GDP: a wealth of meaning is crammed into those three letters. Gross domestic product is our principal index of economic welfare. It is the subject of conferences and hand-wringing editorials. It is the metric by which the success or failure of government policy is judged.
Such is the ubiquity of GDP in public life, it is easy to forget it is not a naturally-occurring phenomenon but a human invention, like chocolate cake or the internal combustion engine. And like an old car trundling along the motorway, GDP is struggling to keep pace with the demands of the modern world.
As investment shifts towards service sectors and digital assets, GDP is failing to provide an accurate picture of how economies are performing. It does not account for the distribution of economic gains, which might explain why Western governments failed to anticipate the populist votes of recent years. So is it time for GDP to be replaced? Or does it remain an indispensable tool, despite its flaws?

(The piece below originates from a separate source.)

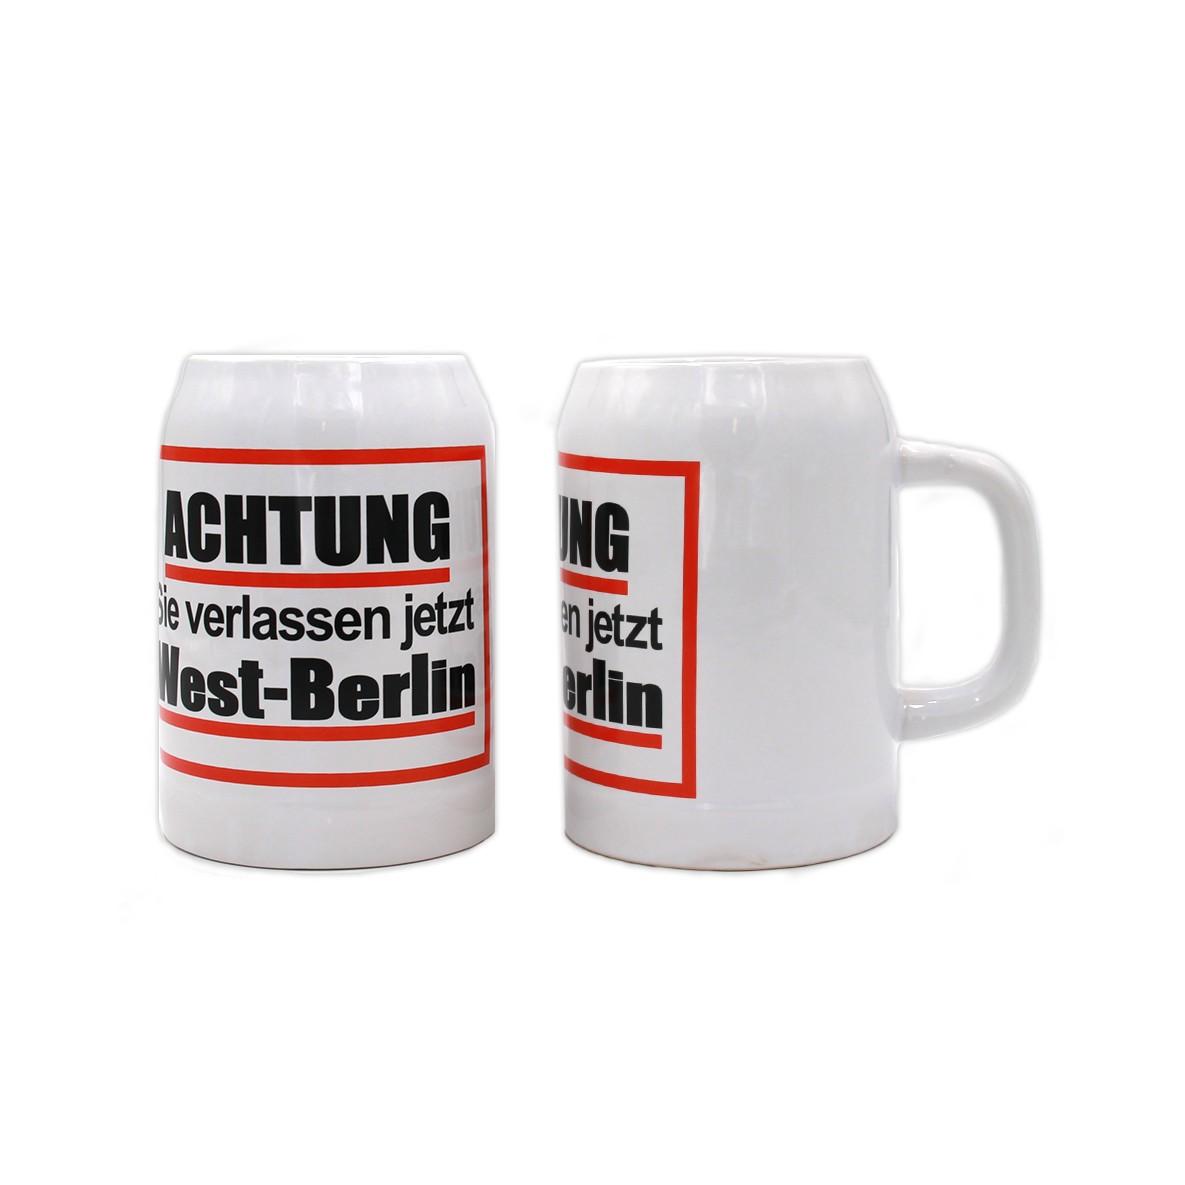 Steinkrug 0,5l Achtung West Berlin

“If you are trying to value spending and income, GDP remains the most relevant statistic. But it is not perfect,” says Stewart Robertson, senior economist for the UK and Europe at Aviva Investors. “It is quite easy to measure the number of widgets coming out of a factory, but quantifying the economic value being produced by digital and creative industries is much more difficult. In an economy that is evolving in these directions, it is legitimate to ask whether GDP is still fit for purpose.”
A brief history of GDP
GDP is a relatively recent creation. The first comprehensive national accounts were devised by the Russo-American economist Simon Kuznets, who worked in US President Franklin D. Roosevelt’s administration in the 1930s.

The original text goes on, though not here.